I should say that I was against Nader in 2000, 2004, and I am, again, not supporting his run for the presidency this time around.

But that does not mean that I do not think he has anything to contribute to the national discourse. His words on corporate governance and corporate involvement in our politics, especially, should be heeded.

A friend recently gave me a Nader campaign DVD that contained his 2004 Election Eve speech at his Cooper Union Rally in New York City and about a five-minute excerpt of his Wall Street speech. I am sharing those snippets because of the seismic events going on in our financial markets.

On corporate power and their involvement in politics. . .

For a society dedicated to equal justice under the law, you cannot have equal justice between human beings and corporations who can aggregate capital, technology, power, privileges and immunities unreachable by even the richest individual.

You’ll remember the famous BusinessWeek cover in September 2000 which declared “Too much corporate power?” and in seven pages of detail, the answer to the question “too much corporate power?” by BusinessWeek was yes, yes, yes. BusinessWeek declared “corporations should get out of politics.”

And, indeed, they should. They are not human beings. They do not vote. The do not have children. they are artificial entitites.
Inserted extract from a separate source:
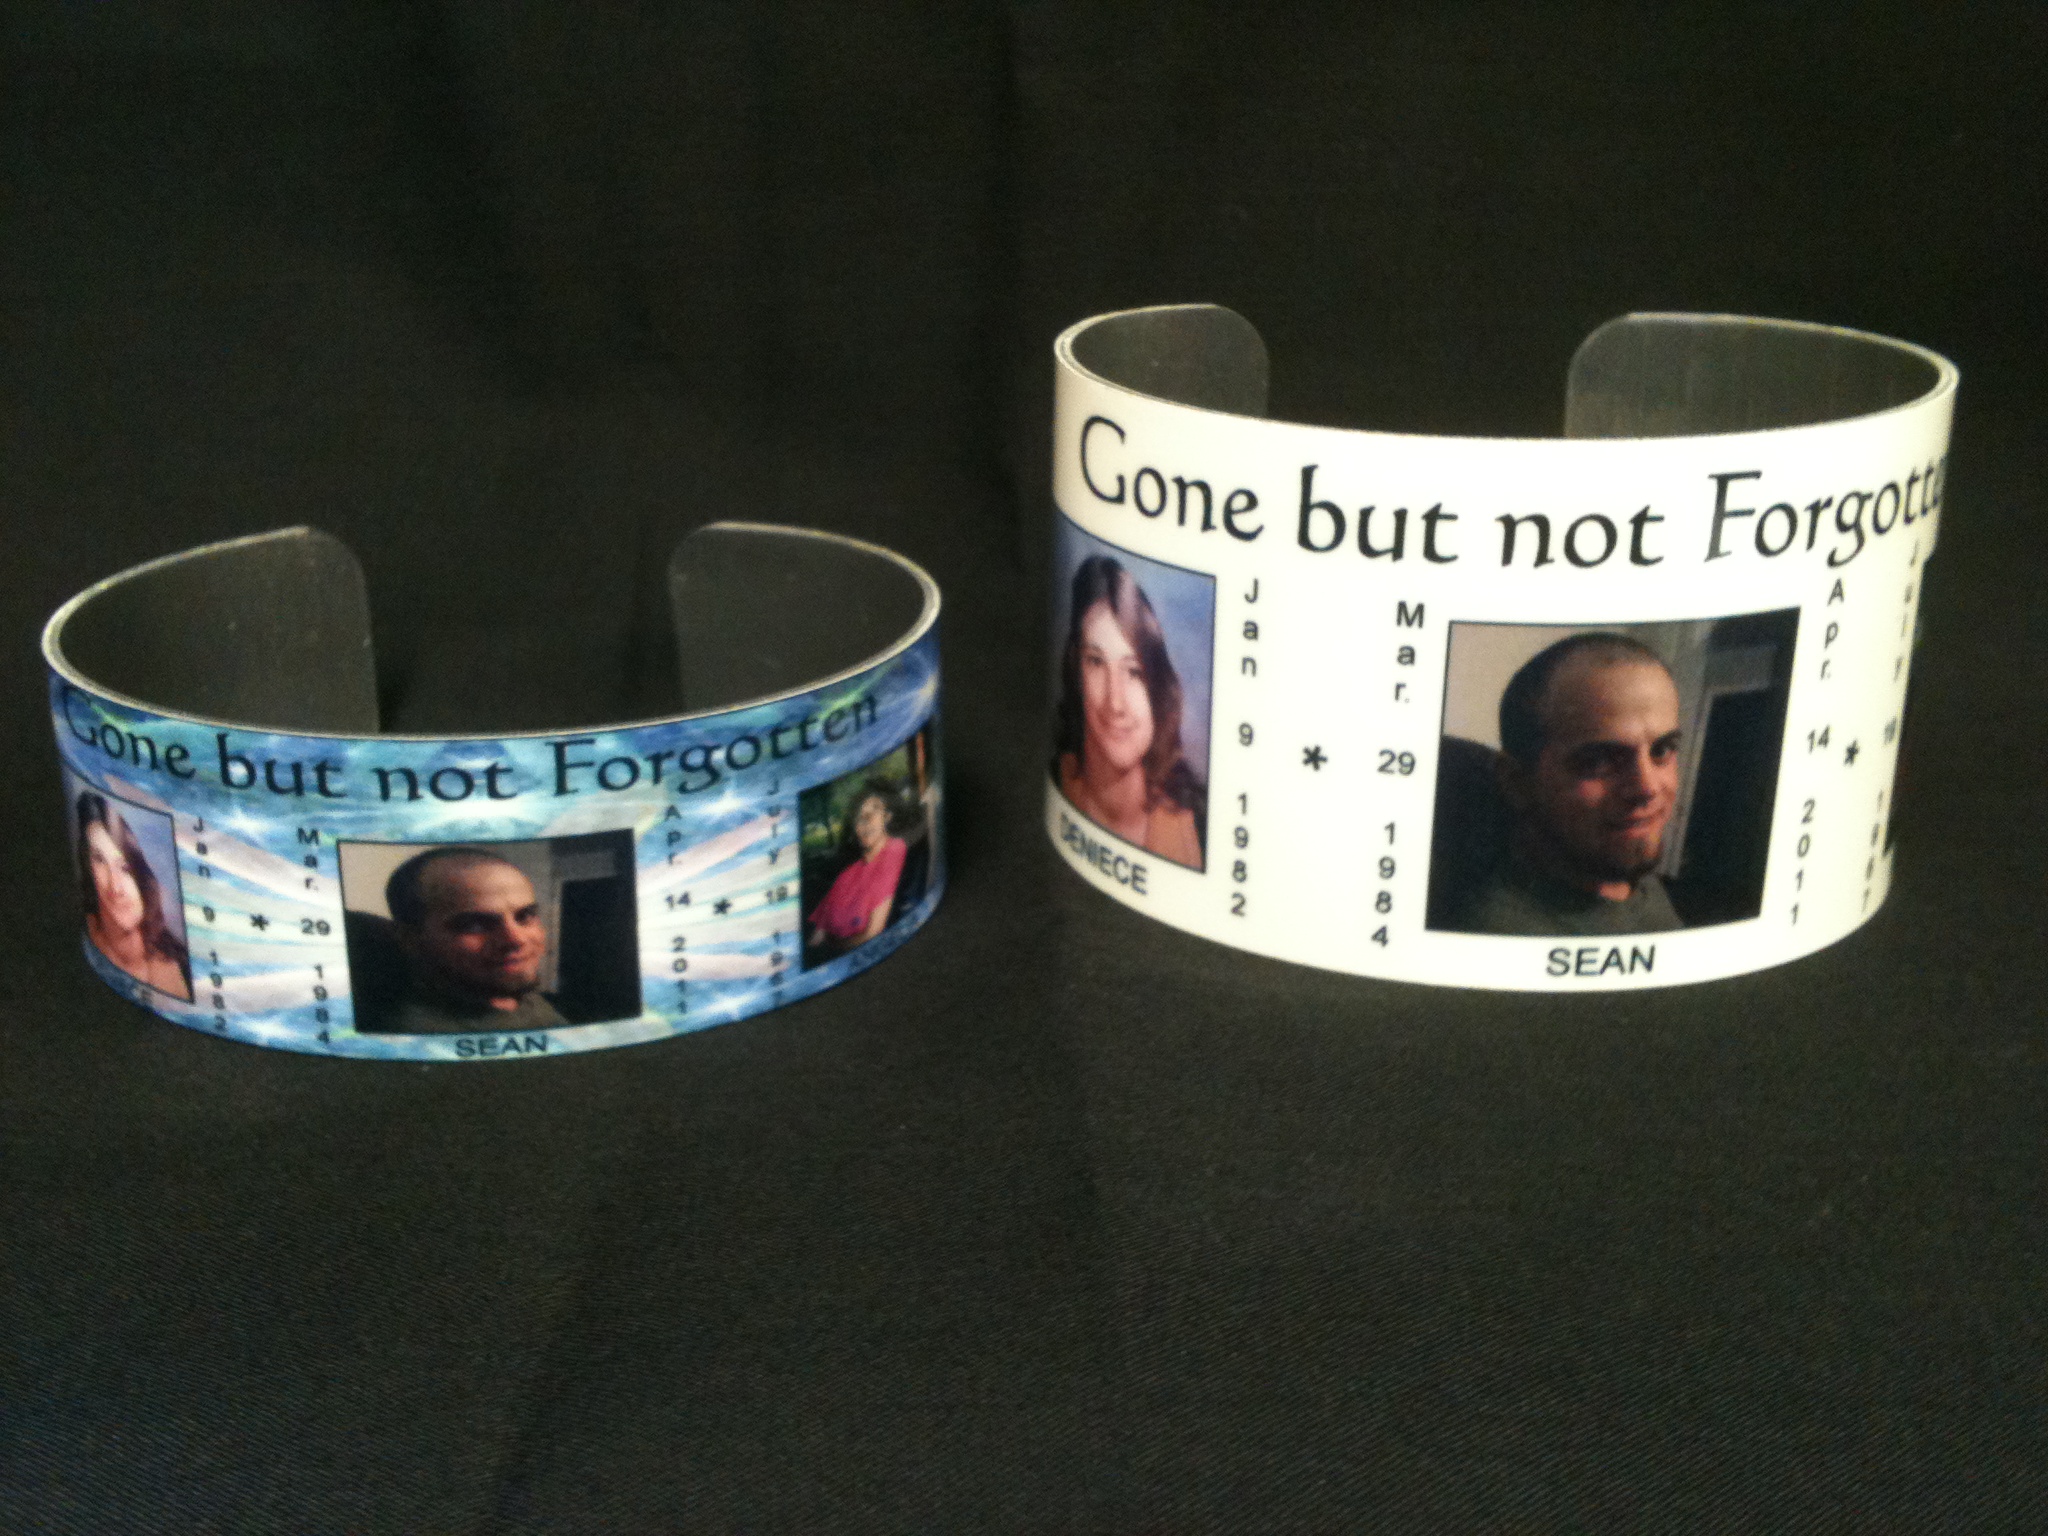 Memorial Cuff Bracelets made with sublimation printing
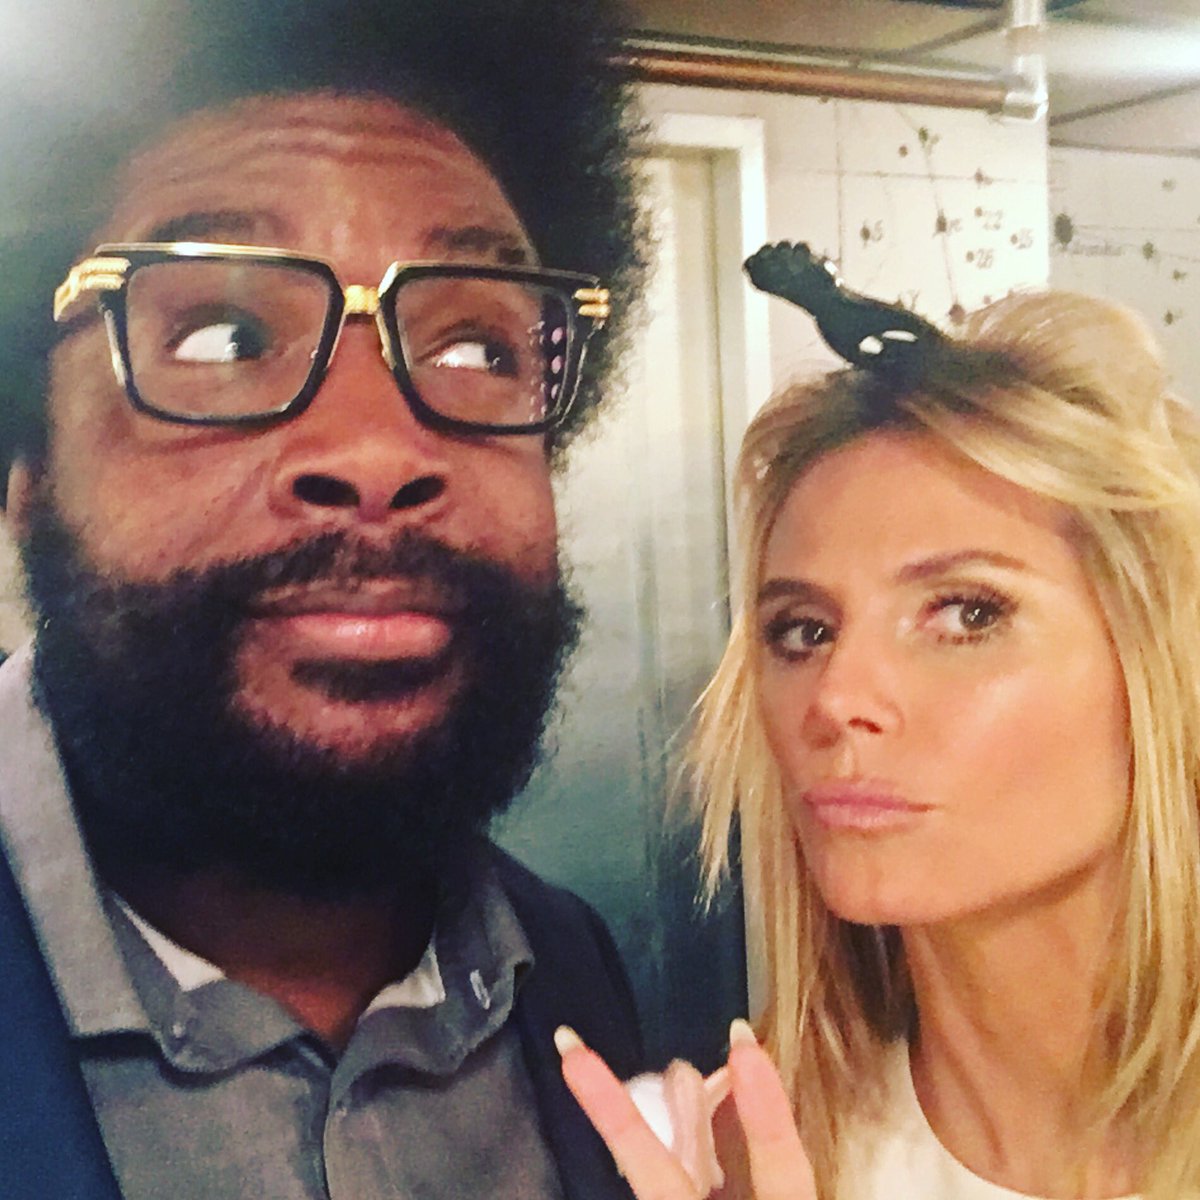 Hanging with @questlove at @FallonTonight and yes, I'm keeping the pick!! https://t.co/WqptqwUQPj

They must be our servants, not our masters.

On the unbalanced distribution of wealth in corporate America . . .

There are large corporations in this country whose chief executives are making $7,000 an hour on the average while their workers are making $7 an hour in their company.

That means that in one day, that executive makes $56,000, more than that worker would make in three and quarter years of toil five days a week.

The system helps the top 10% and the top 5% and helps hysterically the top 1%, whose financial wealth is equivalent to the combined financial wealth of the bottom 95% of all Americans.

On tort reform . . .

Tort reform is another word that says that the powers of corporatism will move through legislatures to restrict the authority of people to sue corporations but not corporations to sue people.

This is another advance in the privileges and immunities of corporations, a relentless strategy year after year to immunize them from corporate accountability and responsibility, to allow them to privatize their profits while they socialize more and more of their risks on the back of the taxpayers.

On strategic corporate planning . . .

The collision between commercial value and civic value has been a longstanding struggle throughout the history of mankind. We should ask ourselves why is it that corporations spend so much time planning our future? It’s called strategic planning.

Corporations are planning and have been planning our political future, our job future, our economic future.

Isn’t it time for the people of this country to plan their own future in all these areas?